Altera has announced its next-generation 28 nm Stratix V FPGA family, said to be the industry’s highest bandwidth FPGA. Offering up to 1,6 Tbps of serial switching capability, the FPGAs leverage a myriad of new to reduce the cost and power of high-bandwidth applications.
The Stratix V family provides up to 1,1 million logic elements (LEs), 53 Mbits embedded memory, 3680 18x18 multipliers and integrated transceivers operating up to 28 Gbps. The devices also incorporate a high level of application-targeted hard intellectual property (IP) for increased system integration and performance without the cost and power penalty. The family includes four variants that address a broad range of applications in the wireless/wireline communications, military, broadcast, computer and storage, test and medical markets. These variants include:
* Stratix V GT, with integrated 28 Gbps transceivers targeting 100G systems and beyond.
* Stratix V GX, which supports a wide range of applications with 600 Mbps to 12,5 Gbps transceivers.
* Stratix V GS, optimised for high-performance digital signal processing (DSP) applications with 600 Mbps to 12,5 Gbps transceivers.
* Stratix V E, for ASIC prototyping, emulation or high-performance computing applications.
Stratix V GX and Stratix V GS FPGAs feature up to 66 high-performance, low-power transceivers operating up to 12,5 Gbps. Stratix V FPGAs support and meet compliance for a multitude of 3G, 6G and 10G protocols and electrical standards such as 10G/40G/100G, Interlaken and PCI Express (PCIe) Gen3, Gen2, Gen1. The devices also provide direct interoperability to 10G backplanes (10GBASE-KR) and optical modules. Stratix V GT FPGA’s 28 Gbps transceivers are designed to meet the CEI-28G specification; these 28 Gbps transceivers consume only 200 mW per channel. In addition to transceiver bandwidth, Stratix V FPGAs include a 7 x 72-bit 1600 Mbps DDR3 memory interface and LVDS channels capable of operating at 1,6 Gbps on ubiquitous I/Os.

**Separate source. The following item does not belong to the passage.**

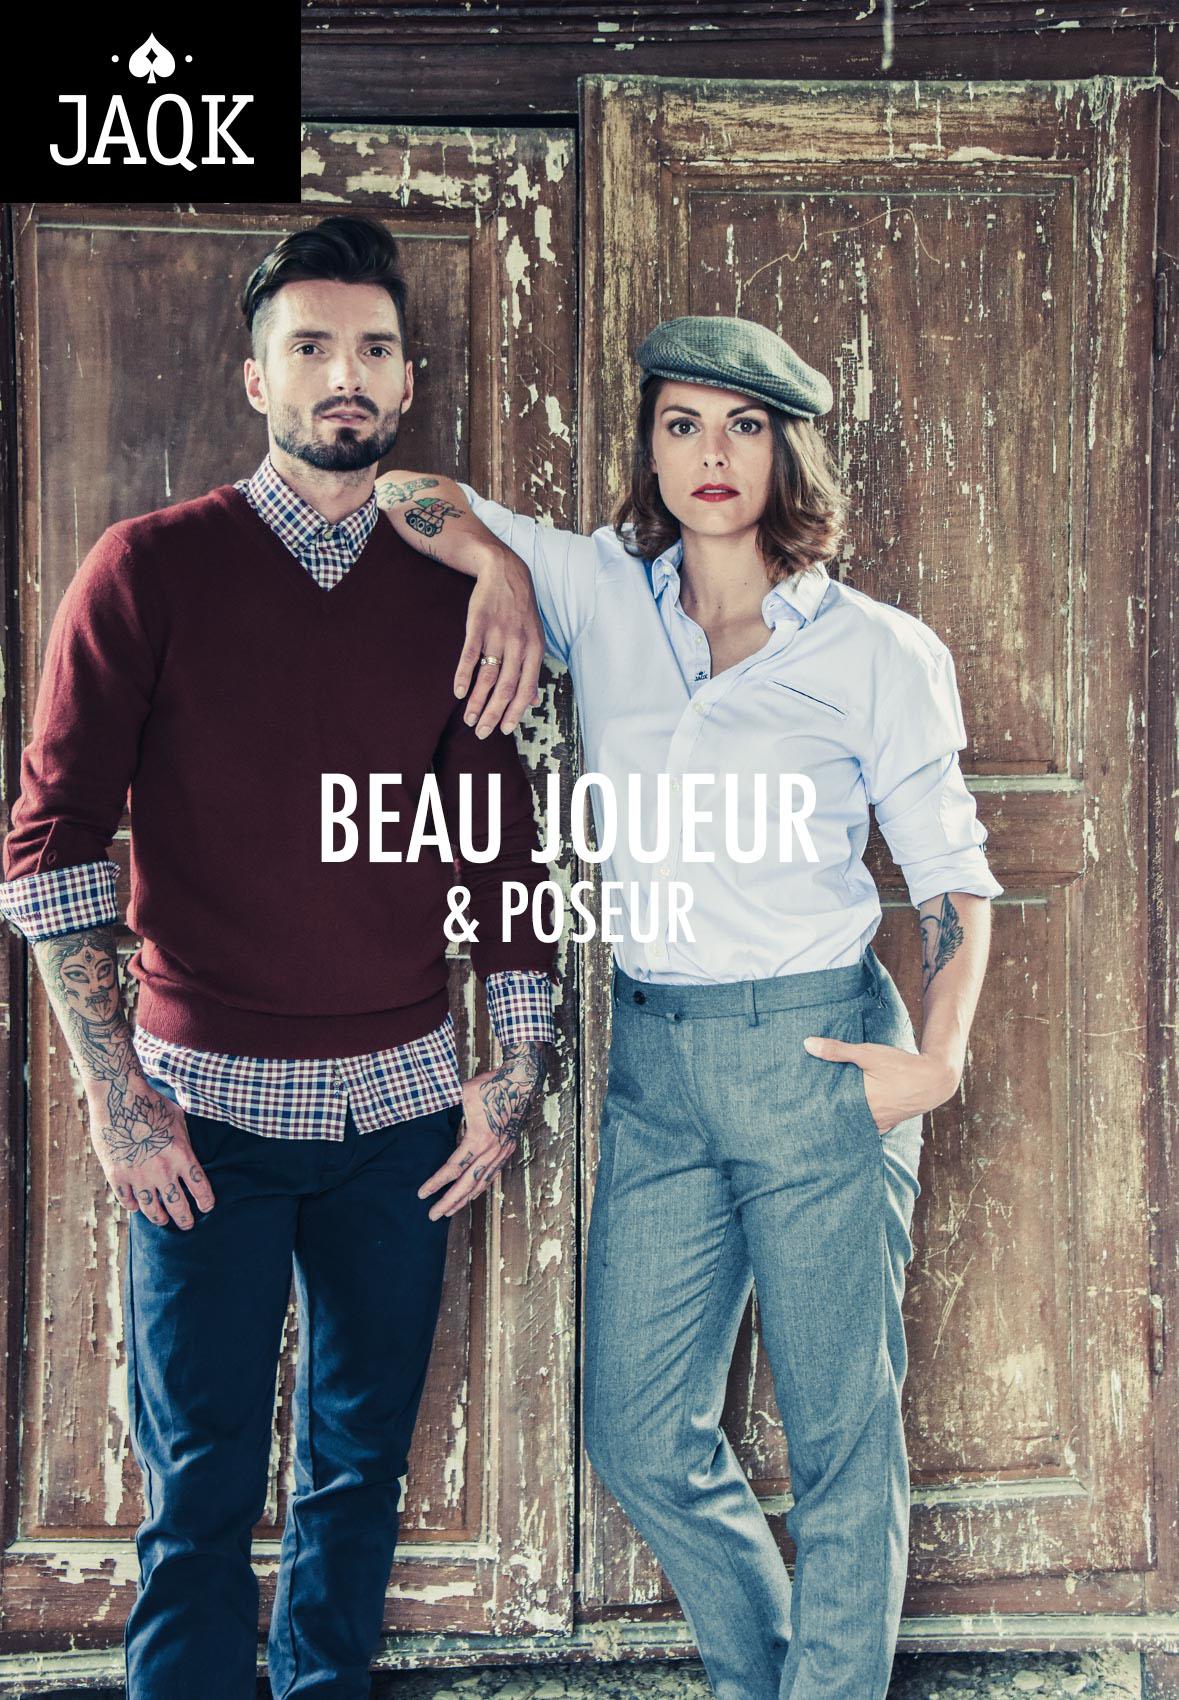 pub-jaqk-hiver-2018-web-selection-87

Altera made several enhancements to the Stratix V FPGA’s core architecture to increase area and logic efficiency and system performance. A new adaptive logic module (ALM) architecture adds up to 800K additional registers in the largest device to maximise logic efficiency. The ALM architecture is optimised for heavily pipelined and register-rich designs. An enhanced embedded memory structure featuring M20K blocks offers improved area efficiency and higher performance. A variable-precision DSP block provides high efficiency and performance across multiple-precision DSP data paths, while user friendly partial reconfiguration allows designers to reconfigure part of the FPGA while other sections remain running.

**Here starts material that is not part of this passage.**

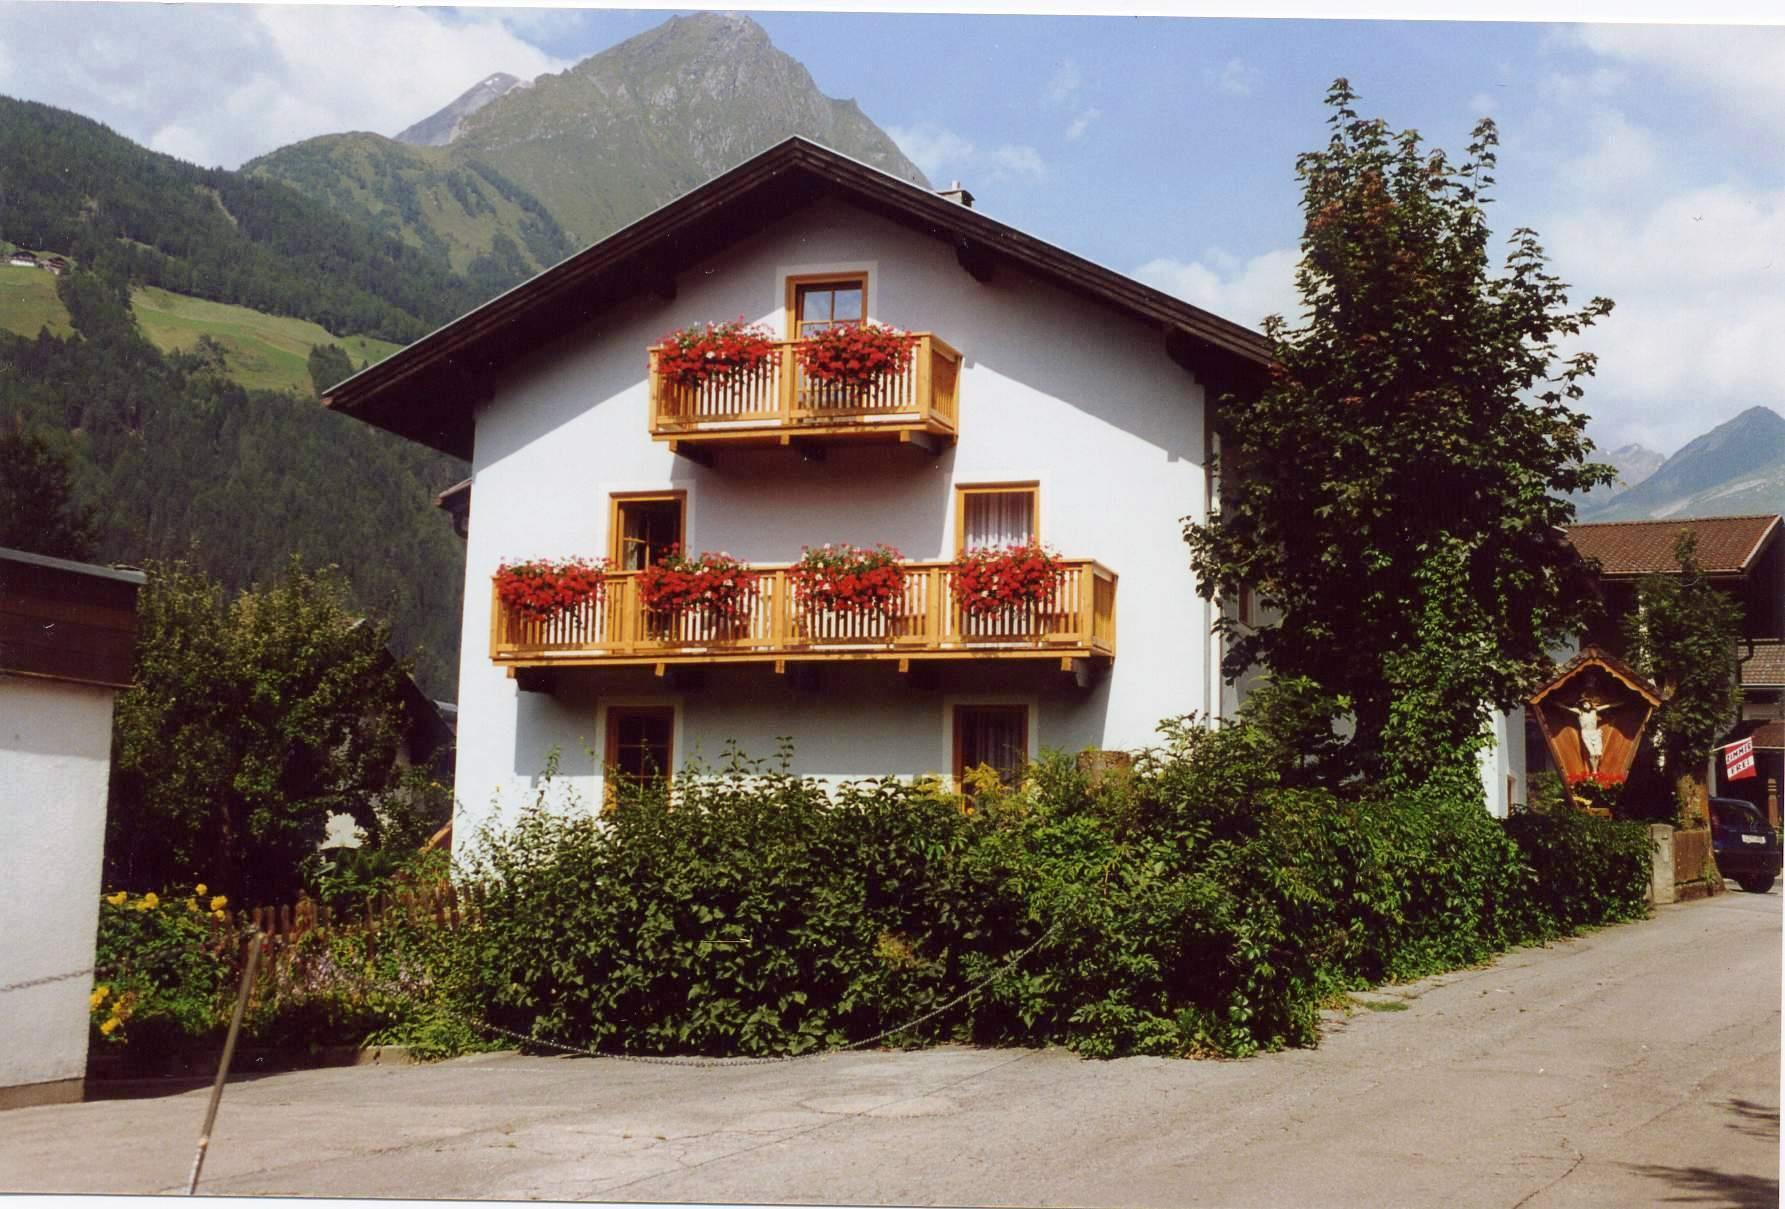 Haus-Amoser-Elfriede-Sommer.jpg

Hard IP integration in the device include PCIe Gen3, Gen2, Gen1, 40G/100G Ethernet, CPRI/OBSAI, Interlaken, Serial RapidIO (SRIO) 2.0 and 10 Gigabit Ethernet (GbE) 10GBASE-R. Memory interfaces with hardened read/write paths include DDR3, RLDRAM II and QDR II+.

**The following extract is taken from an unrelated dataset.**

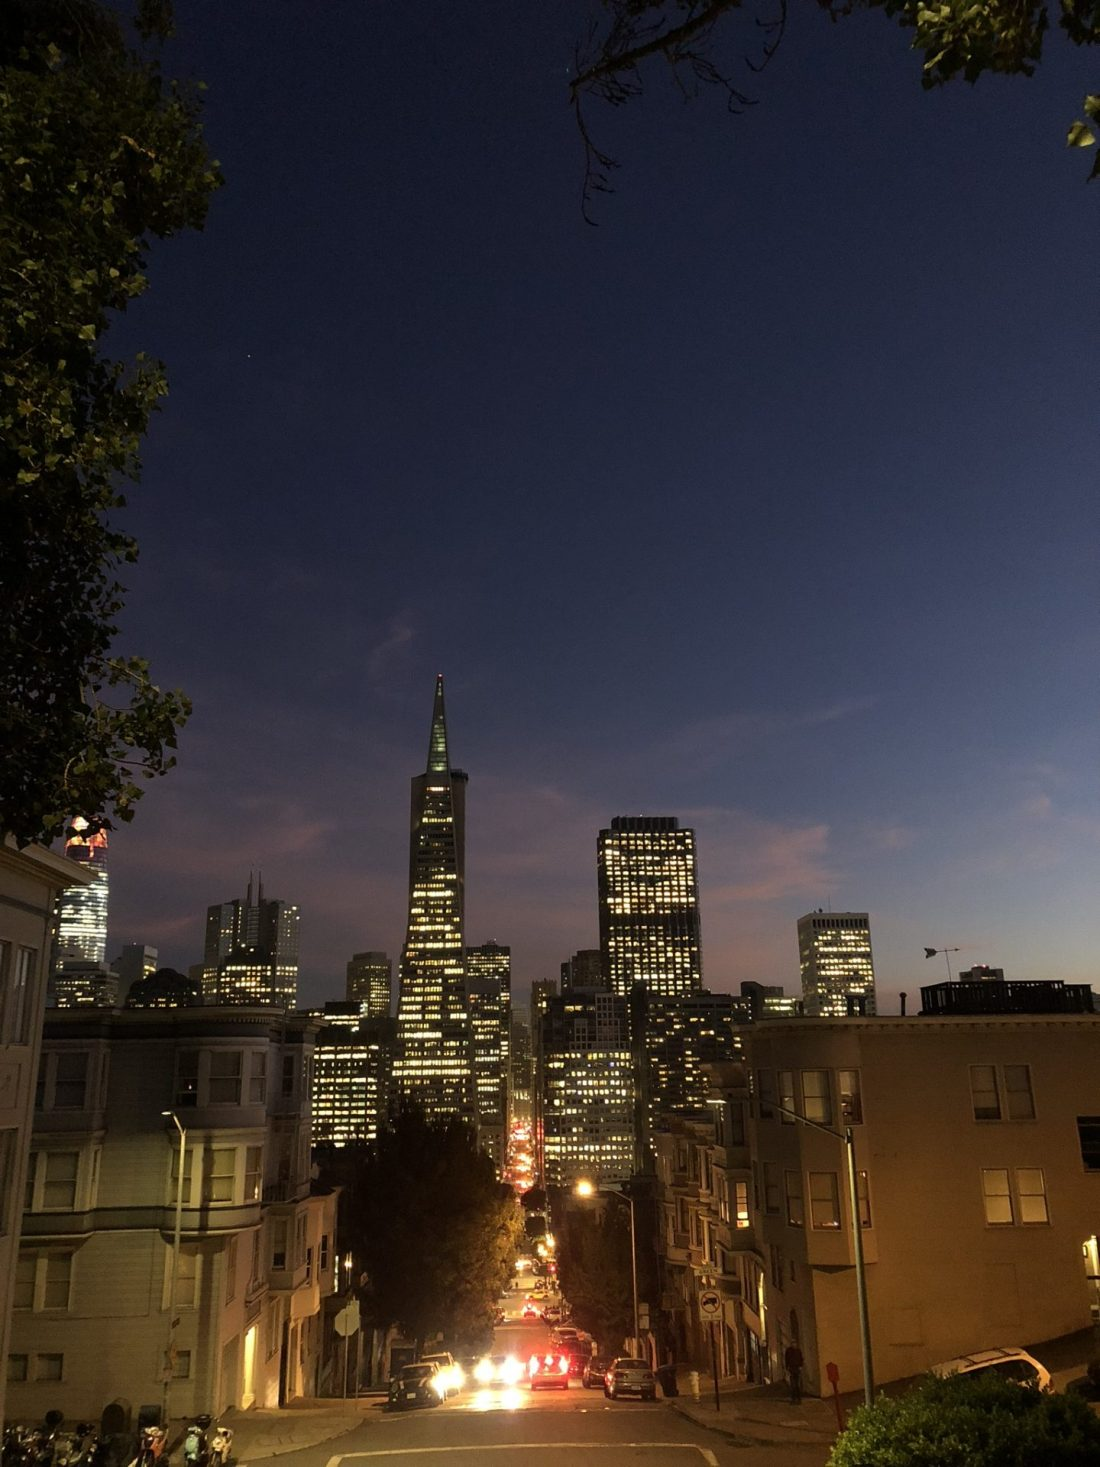 San Francisco skyline by night

As announced earlier this year, Stratix V FPGAs feature the company’s embedded HardCopy blocks. This unique methodology gives Altera the ability to quickly change hardened functions within the FPGA, enabling the development of application-targeted device variants in three to six months. Embedded HardCopy blocks provide customers the equivalent of 700K additional LEs with 65% lower power compared to a soft logic implementation.